Comme chaque année, le monde entier a vibré au rythme des pas et des chorégraphies à l’occasion de la Journée internationale de la danse ce 29 avril 2029. Instituée en 1982 par l’Institut International du Théâtre (ITI) sous l’égide de l’UNESCO, cette journée vise à rappeler que la danse est un langage universel, capable de transcender les frontières et de rapprocher les peuples.  

Cette année, le message officiel a été confié à la chorégraphe canadienne Crystal Pite, qui a insisté sur la danse comme miroir de l’humanité, un espace où se rencontrent nos fragilités et nos forces. Partout dans le monde, spectacles, ateliers et performances ont été organisés pour célébrer cet art vivant.

Bukavu : la danse comme outil de cohésion sociale

À Bukavu, chef-lieu du Sud-Kivu, la Journée internationale de la danse prend une résonance particulière.
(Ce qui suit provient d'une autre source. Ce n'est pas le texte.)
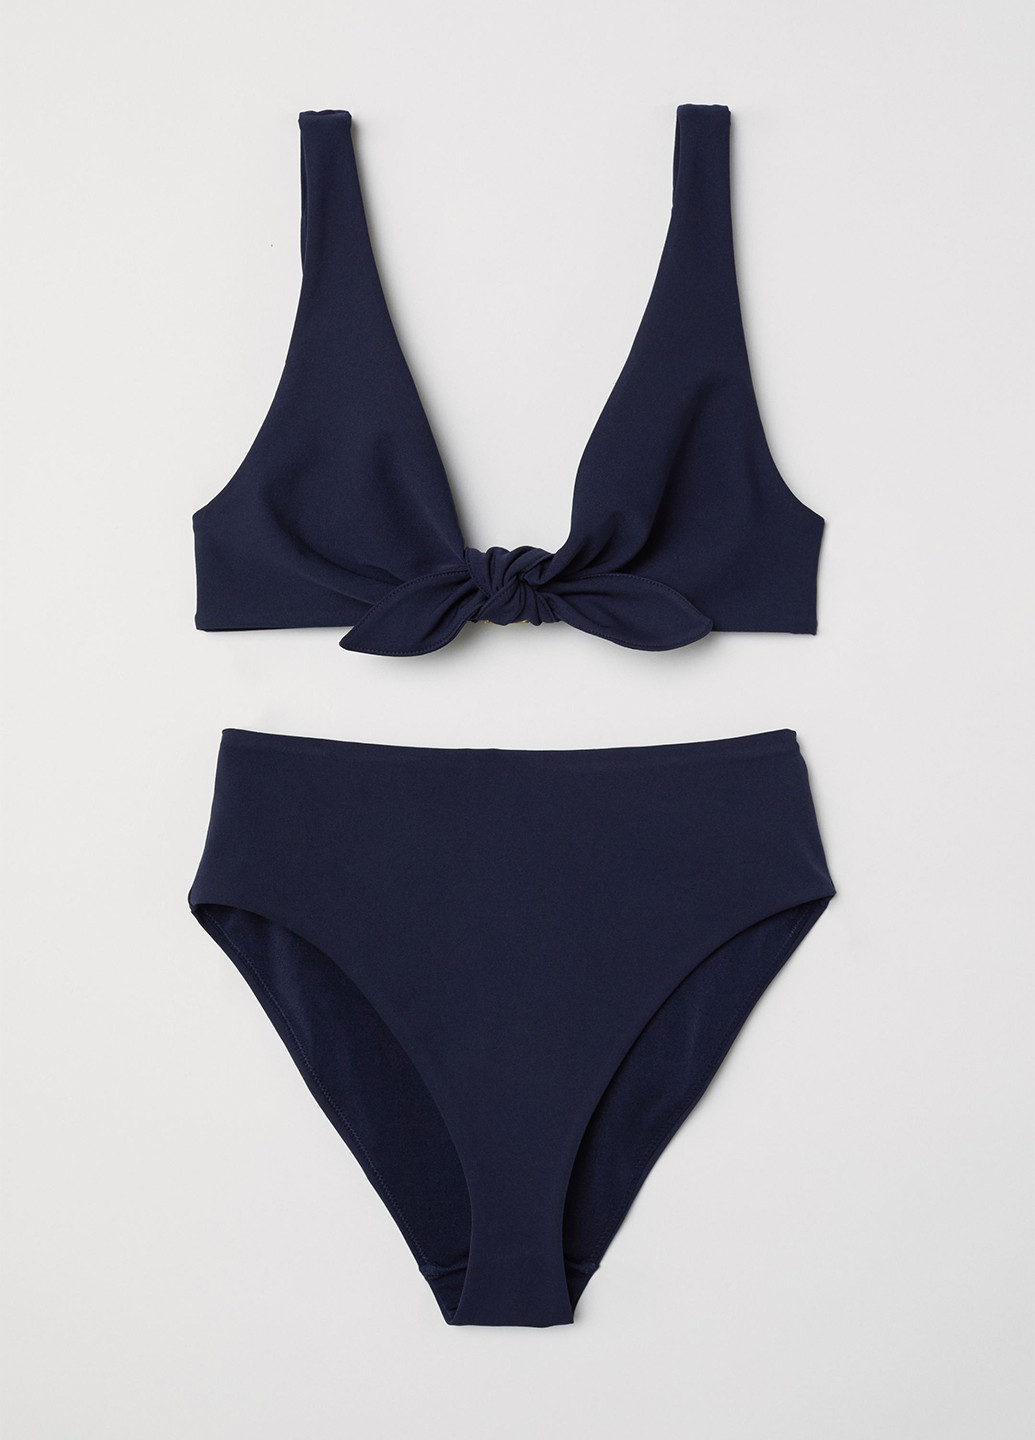 Купальный лиф H&M топ однотонный тёмно-синий пляжный полиамид, трикотаж

Dans une ville marquée par les défis socio-économiques et les tensions du quotidien, la danse s’impose comme un vecteur de cohésion sociale et de dignité.
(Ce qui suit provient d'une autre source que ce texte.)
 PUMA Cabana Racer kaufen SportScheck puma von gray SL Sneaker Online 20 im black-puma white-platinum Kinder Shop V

Le Club Buena Salsa, relancé récemment, a organisé un gala réunissant des passionnés de bachata, kizomba, zouk et rumba. L’objectif est de professionnaliser les danseurs locaux et créer un espace où l’art devient une source de revenus et de reconnaissance.  

Le Centre Ndaro a également marqué cette journée en organisant une activité culturelle dédiée à la danse. À travers spectacles et ateliers, il a mis en avant la richesse des danses traditionnelles congolaises et leur rôle dans la préservation de l’identité culturelle. L’événement a rassemblé jeunes et adultes, confirmant que la danse est un outil de transmission intergénérationnelle.  
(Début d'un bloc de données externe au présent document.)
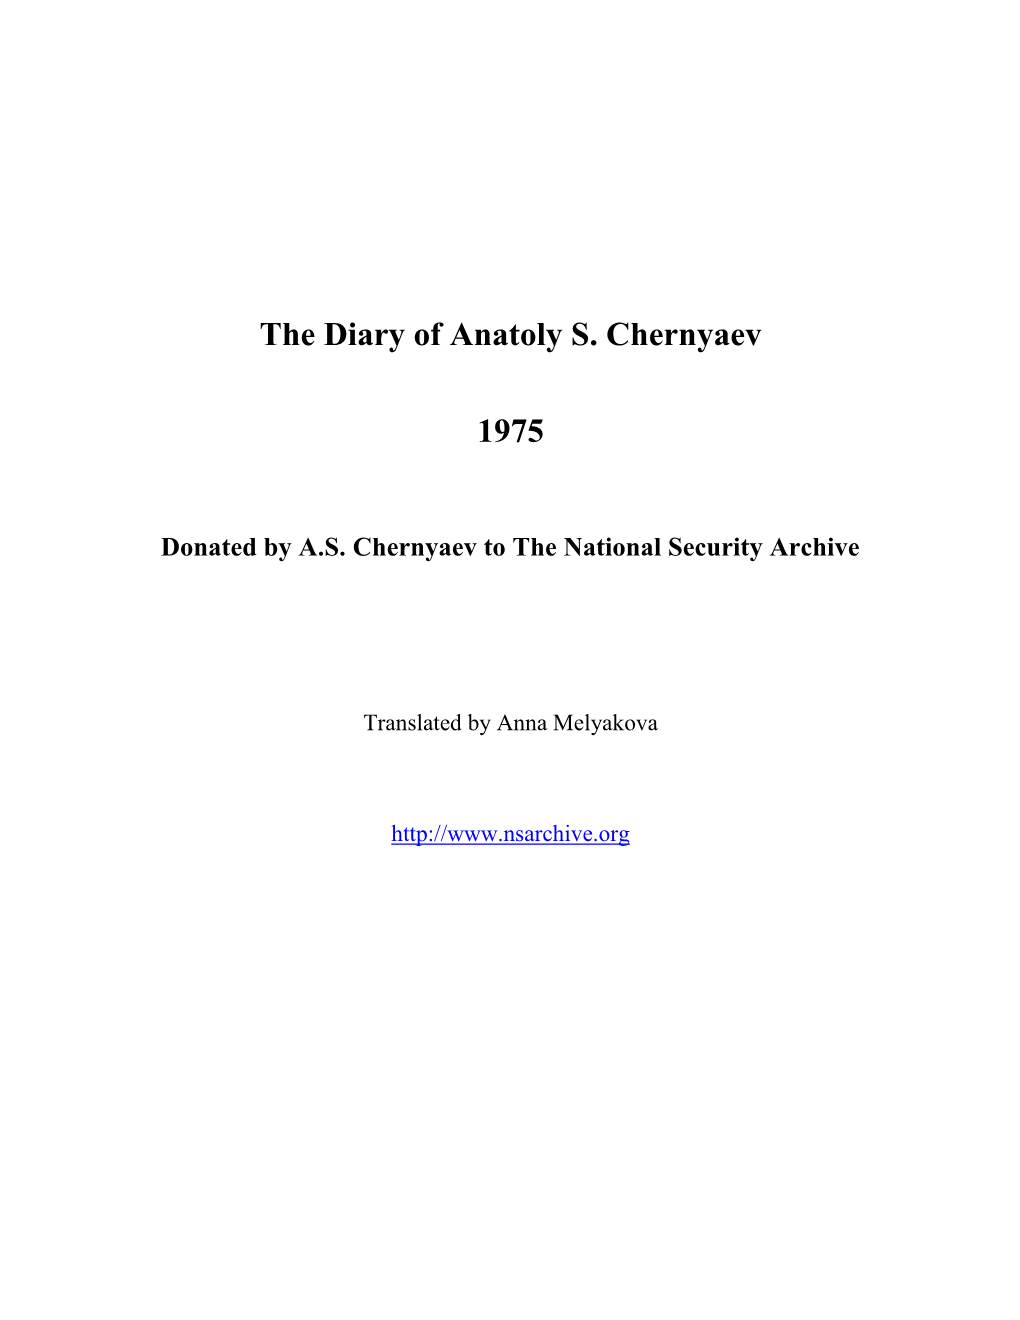 The Diary of Anatoly S. Chernyaev 1975

L’Institut français de Bukavu avait déjà ouvert la voie en 2024 avec une masterclass “Danse sans frontières”, animée par le chorégraphe burkinabé Serge Aimé Coulibaly. Cette initiative avait permis de réunir des danseurs de Bukavu, Goma et du Burundi, démontrant que la danse peut être un outil politique et social. 

Des artistes comme Achille Argus, poète et danseur, incarnent cette nouvelle génération qui utilise la danse pour transformer les consciences et redonner espoir à une jeunesse en quête de repères.

Alors que le monde célèbre la danse comme patrimoine universel, Bukavu illustre comment cet art peut devenir un instrument de reconstruction sociale. Là où ailleurs la danse est un spectacle, ici elle est aussi un acte de résistance culturelle et un moyen de bâtir des ponts entre communautés.

“Danser à Bukavu, c’est plus qu’un loisir. C’est une manière de dire que nous existons, que nous avons une voix et une identité”, confie une danseuse .  

Un participant au Centre Ndaro ajoute “les danses traditionnelles racontent notre histoire. Les partager aujourd’hui, c’est transmettre notre mémoire et notre fierté.”

La Journée internationale de la danse 2026 aura montré, une fois de plus, que cet art est universel. Mais à Bukavu, elle révèle surtout la capacité de la danse à devenir un outil de résilience, de transmission culturelle et de transformation sociale.